После Хокта настала очередь Фарина, которого навеки приговорили к «ля». Всех проверяли по очереди, и за каждым была закреплена нота. Наконец вышел я.
— Ах, это ты, малыш,— сказал органист.
Он сжал мне голову и стал до хруста крутить ее из стороны в сторону, но все-таки отвинтить не смог.
— Поищем твою ноту.
Я спел гамму — сначала наверх, потом вниз. Казалось, мэтр остался недоволен, потому что велел повторить сначала… Нет, не то… Плохо… Ужасно обидно! Неужели мне, одному из лучших учеников певческой школы, не достанется собственной ноты?
Мой голос стал подниматься по полутонам к верхней октаве.
— Хорошо, хорошо! — повторял музыкант.— Мы поймали ее! Ре-диез — вот она, твоя нота.
На одном дыхании я спел ре-диез.
Кюре и учитель не могли скрыть удовлетворения.
— Теперь девочки! — скомандовал мэтр.
«Вот если бы Бетти тоже досталась ре-диез! — подумал я.— Ведь наши голоса так похожи».
Одна за другой девочки выходили вперед. У этой оказалась «си», у той — «ми». Пришел черед Бетти Клер. Она робко подошла к органисту.
— Давай, малышка.
Бетти запела нежным, мелодичным, как у щегла, голоском. Но ей, как и мне, пришлось обратиться к хроматической гамме. Ее нотой оказалась ми-бемоль.
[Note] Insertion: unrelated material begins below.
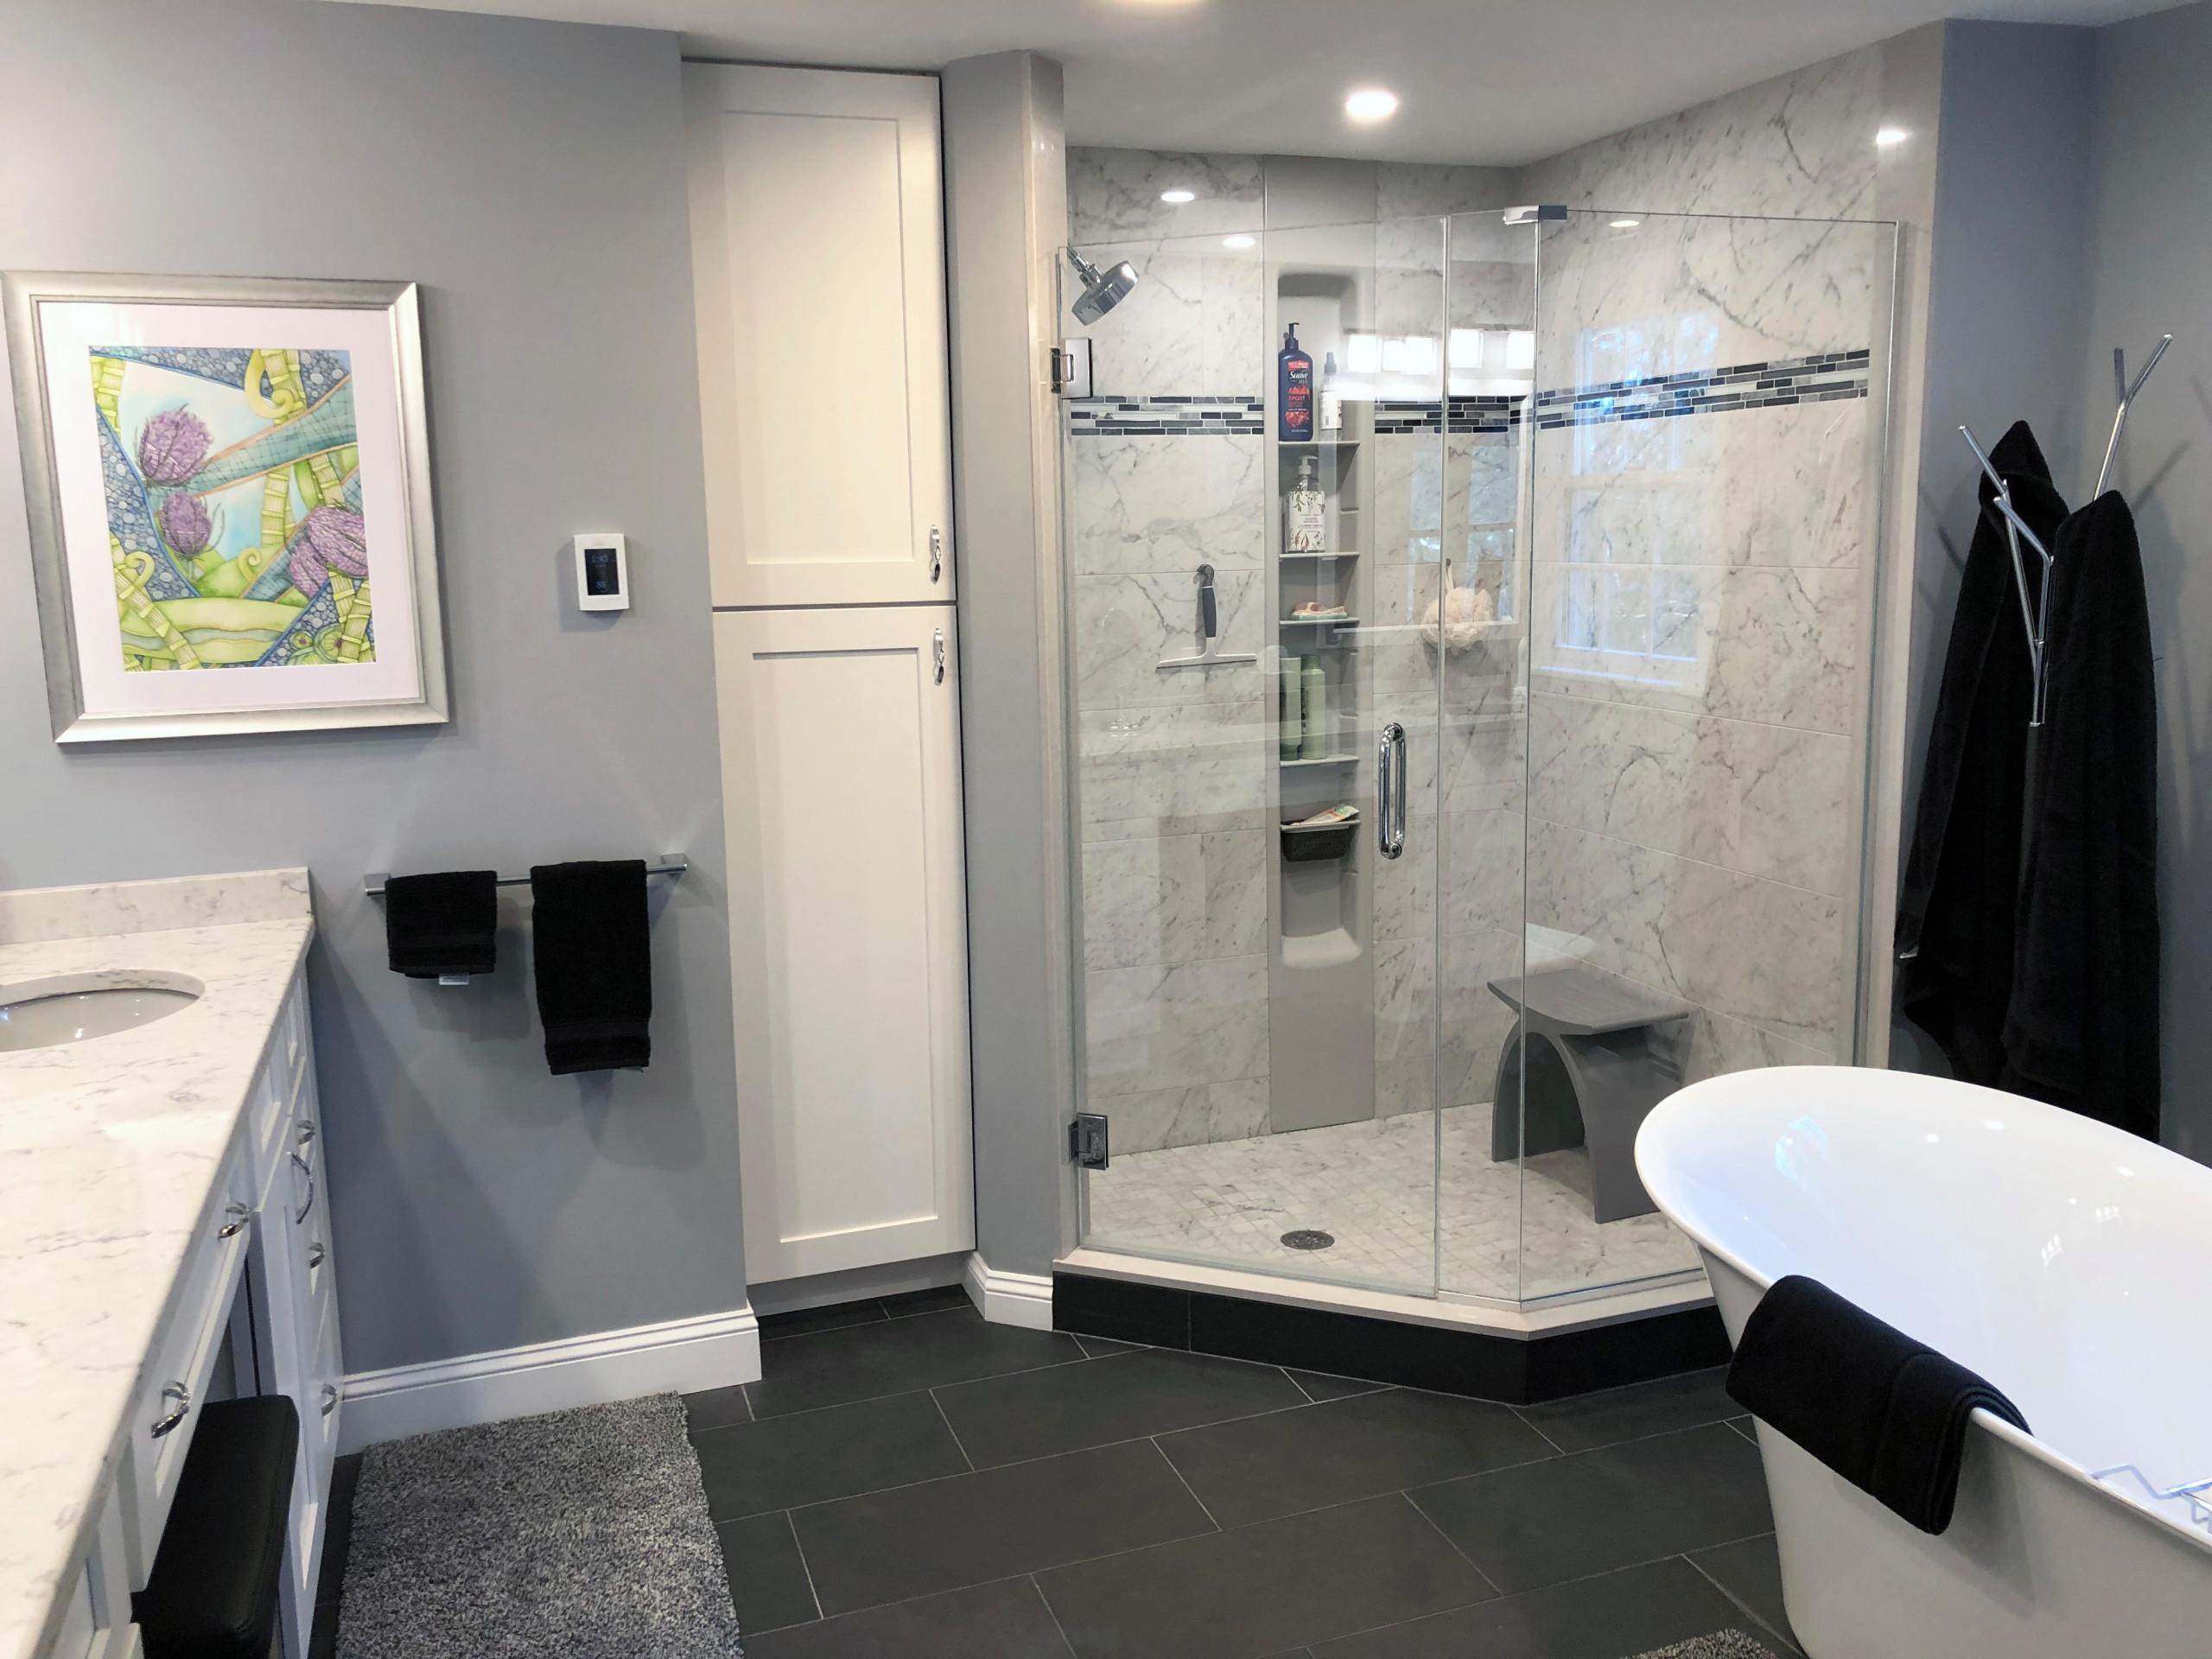 Marshfield Bathroom Remodel

Сначала я огорчился, но, поразмыслив, решил, что, наоборот, нужно радоваться! У Бетти — ми-бемоль, а у меня ре-диез. Разве это не одно и то же? И я захлопал в ладоши.
— Что с тобой, мальчик? — нахмурился мэтр.
— Мне нравится, что у нас с Бетти одинаковые ноты,— выпалил я.
— Одинаковые? — вскричал мэтр Эффаран. Он так резко выпрямился, что коснулся рукой потолка.— Ты полагаешь, что ре-диез и ми-бемоль одно и то же? Невежда! Ты заслужил ослиный колпак! Неужели Эглизак научил вас таким глупостям? И вы это терпели, кюре? А вы, господин учитель? Вы — тоже, достопочтенная?
Сестра господина Вальрюгиса искала чернильницу, чтобы запустить в органиста, но тот продолжал бушевать:
Ни один из нас не смел шелохнуться. Оконные стекла дрожали от раскатов пронзительного голоса органиста. Я был в отчаянии, что из-за меня разразилась буря, расстроен из-за того, что между нашими голосами все же существовала разница, пусть даже всего на одну восьмую тона. Кюре укоризненно качал головой, а господин Вальрюгис бросал на меня грозные взгляды…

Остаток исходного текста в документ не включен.